What Is User Acquisition? Definition, Examples & How It Works
A plain definition of user acquisition, how it works, the main channels, and the metrics that decide whether it’s profitable.
Key takeaways
- User acquisition (UA) is getting the right new users to a product profitably.
- For apps it’s mostly paid media (ASA, Google UAC, Meta, TikTok) plus organic and ASO.
- Success is measured on CAC, LTV, ROAS and payback, not installs.
User acquisition, usually shortened to UA, is the practice of bringing new users to a product at a cost the value of those users justifies. For mobile apps it means buying installs and, more importantly, paying subscribers, through a mix of paid and organic channels.

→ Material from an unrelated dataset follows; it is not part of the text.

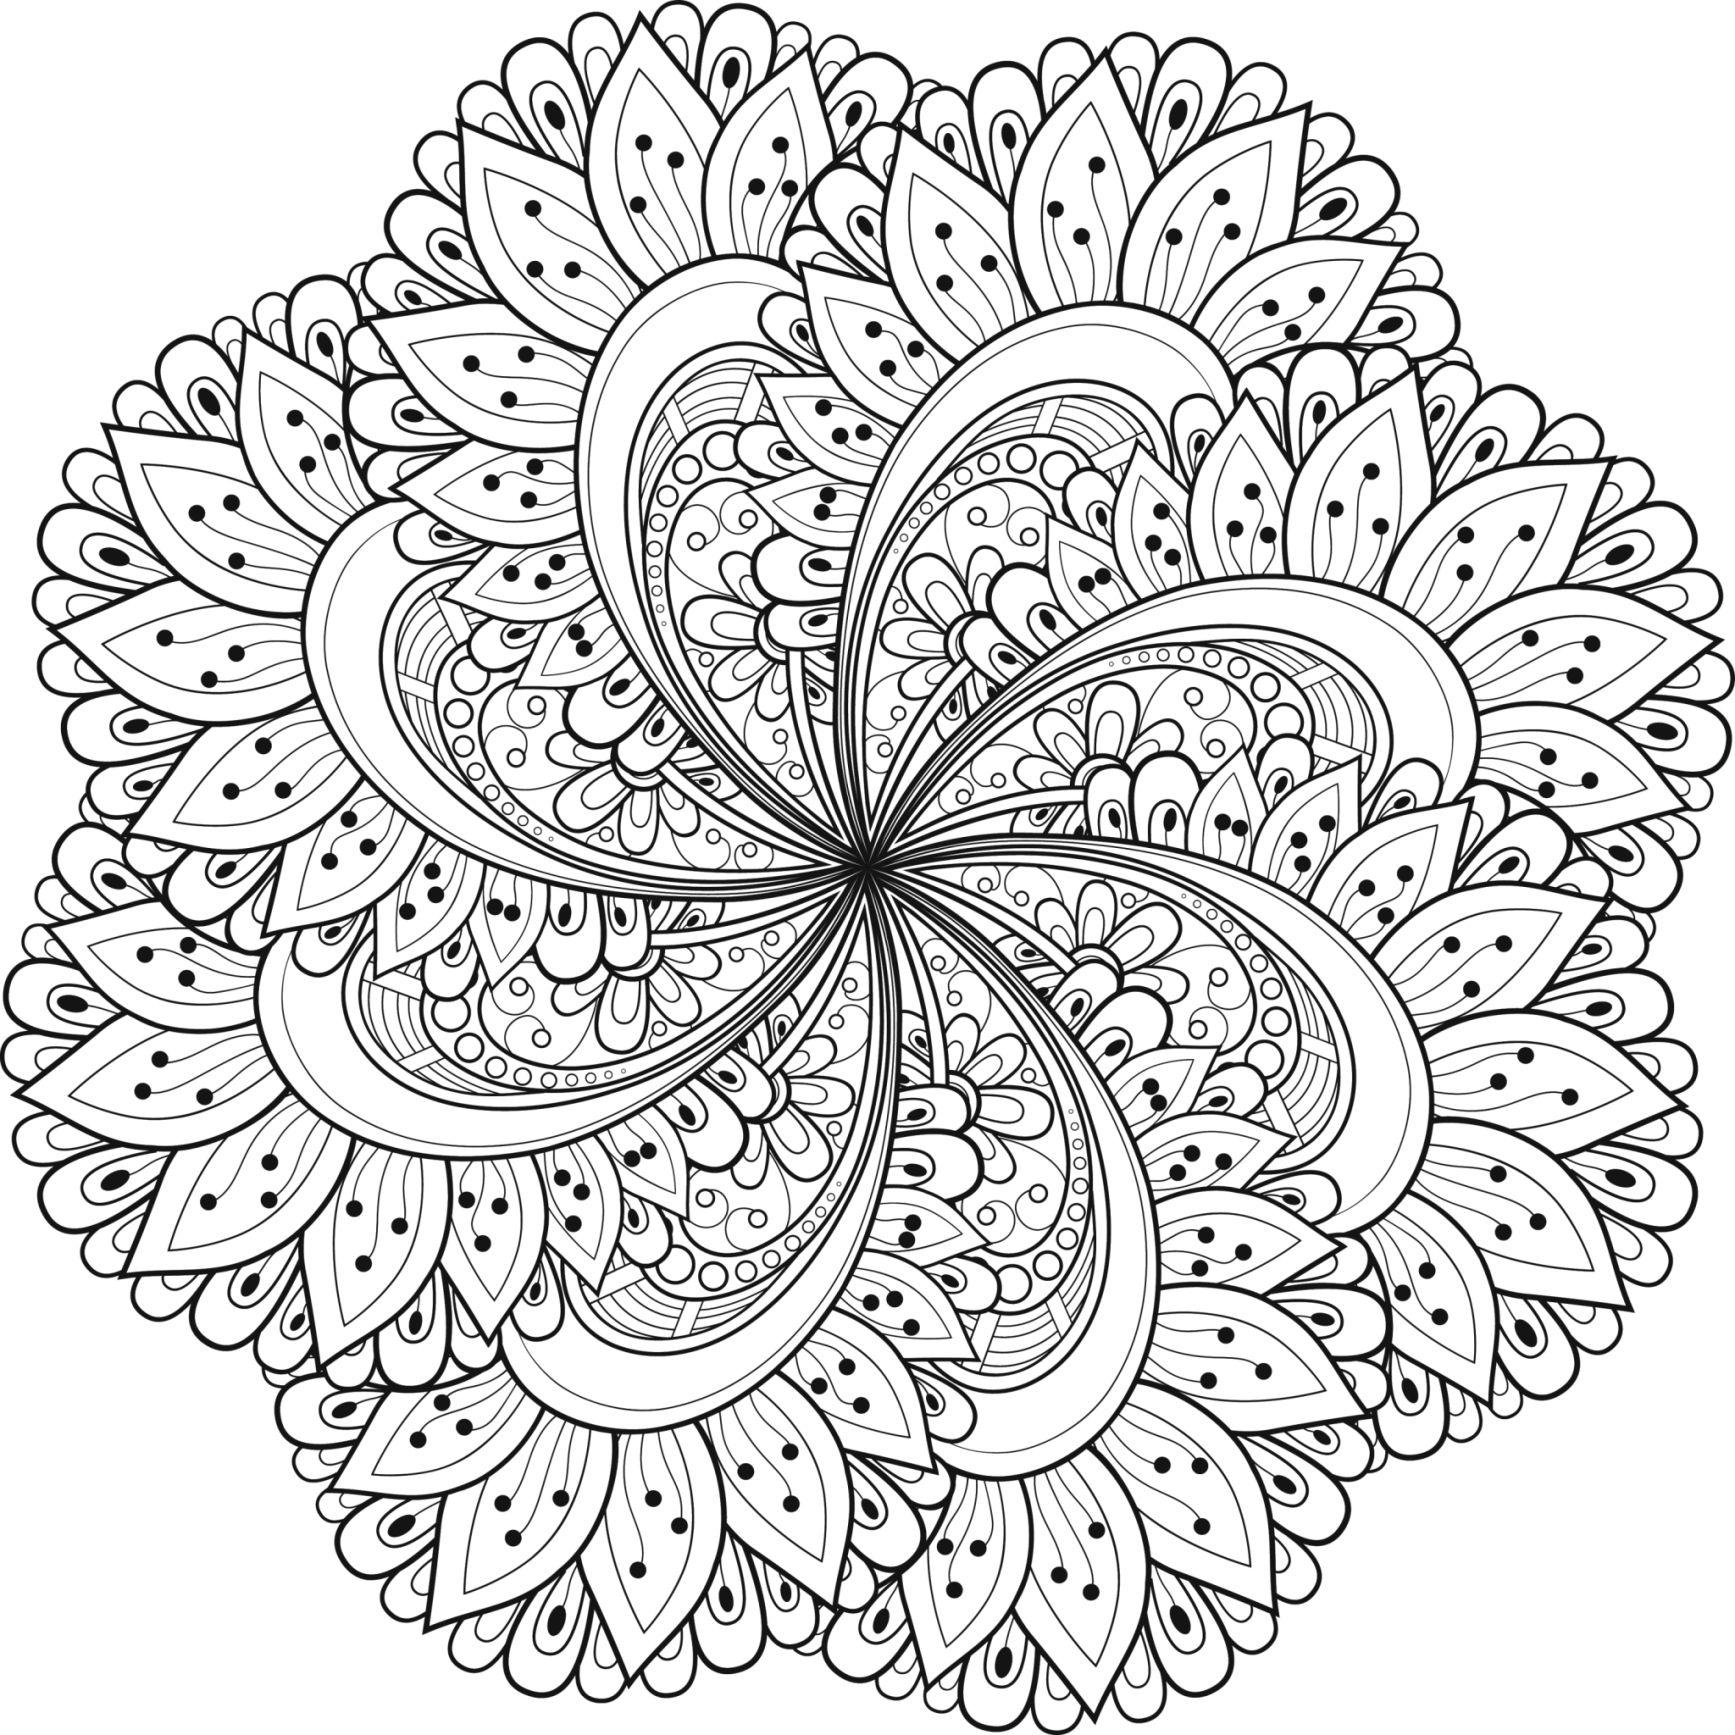 Mandalas | COLORING PAGES | Mandala coloring, Mandala coloring
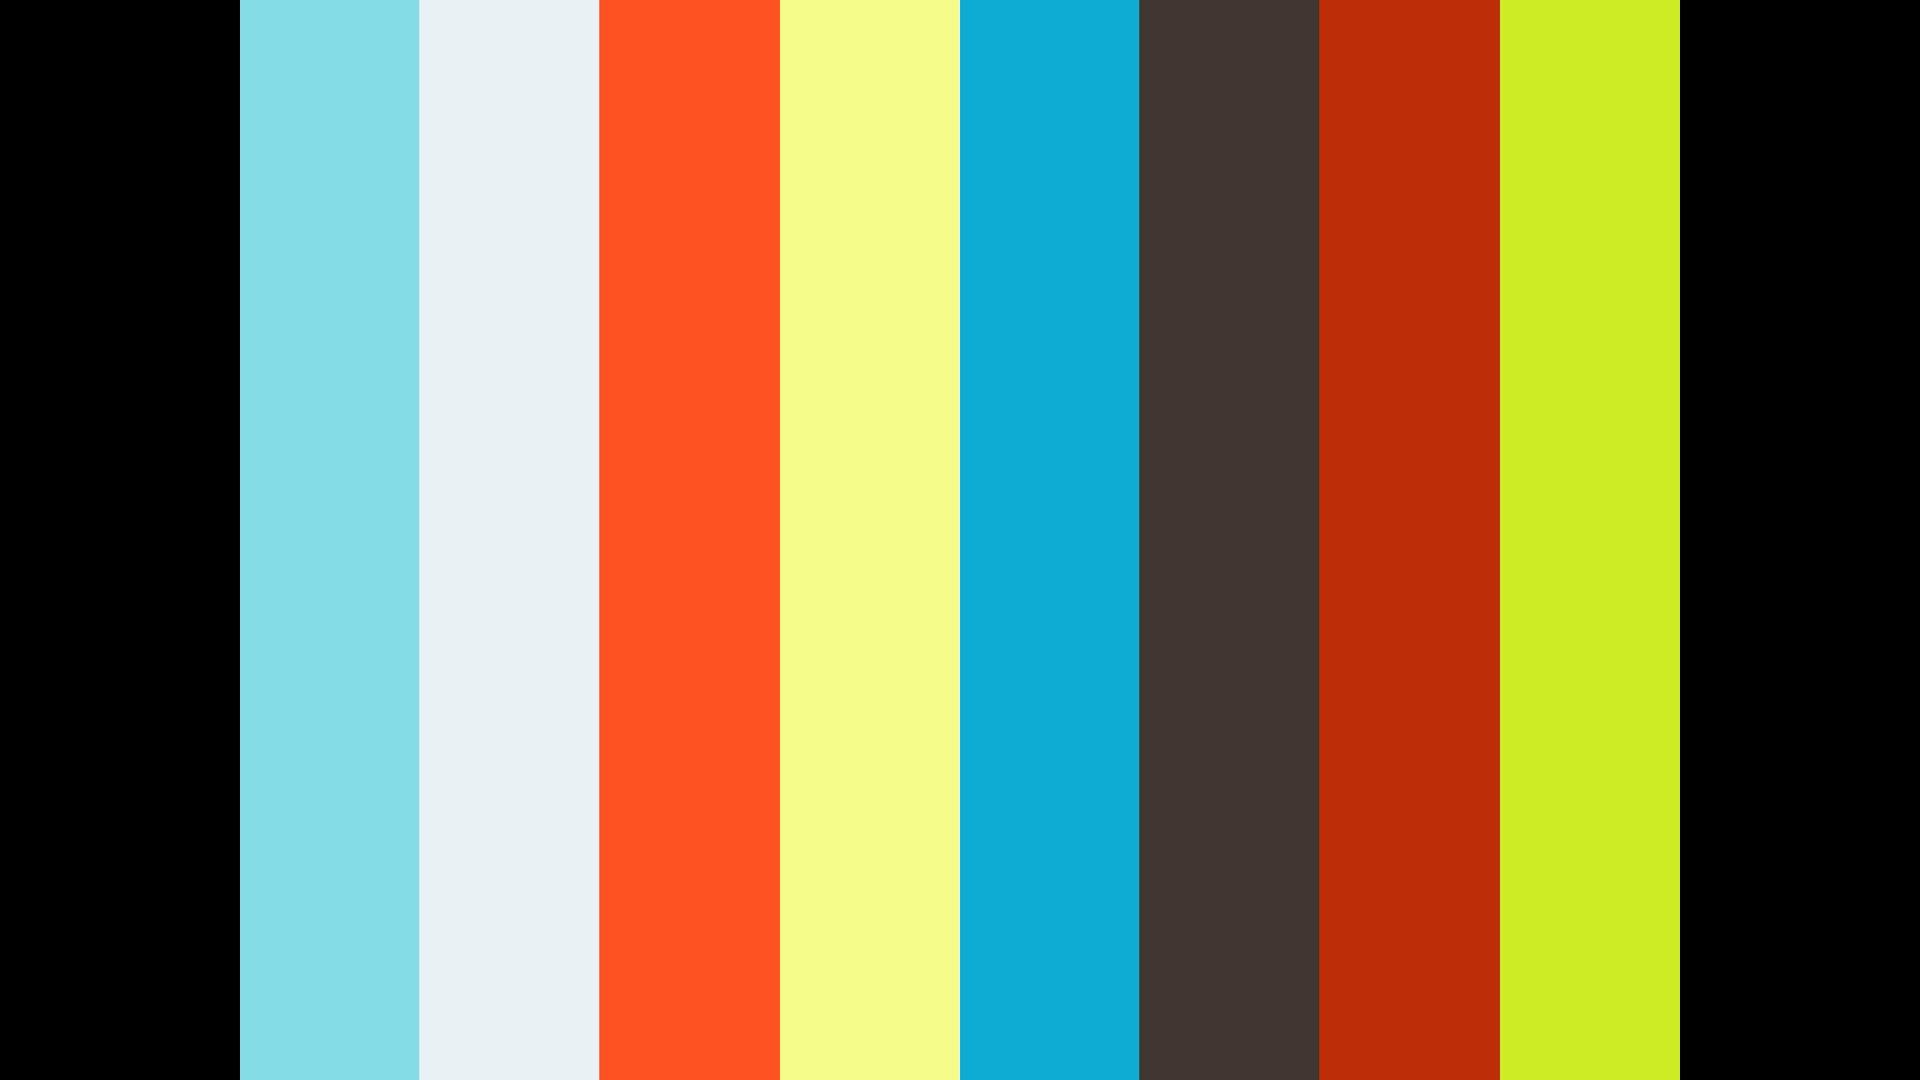 Benson Muite & Bernard Banta – Building an Online Store With Gitlab Pages

How user acquisition works
You run campaigns across channels, each user costs money to acquire (CAC), and each user returns value over time (LTV). UA is profitable when LTV comfortably exceeds CAC and you recover that cost inside an acceptable payback window. The whole discipline is managing that gap as you scale.
The main channels
- Apple Search Ads: high-intent iOS App Store search.
- Google App Campaigns (UAC): machine-led scale across Google’s network.
- Meta and TikTok: paid social, creative-led scale.
- ASO and organic: store optimization and unpaid discovery.
Examples of user acquisition
Running TikTok video ads to drive subscription trials. Bidding on App Store search keywords with Apple Search Ads. Building a Web2App funnel and buying traffic to the web paywall. Optimizing your store listing so more visitors install. All of these are UA.
The metrics that matter
Installs and CPI are traffic metrics. The ones that decide profit are CAC (cost per paying user), LTV (net lifetime value), ROAS (return on ad spend) and payback (months to recover CAC). Healthy subscription apps target LTV:CAC of 3:1 or better and payback under 12 months.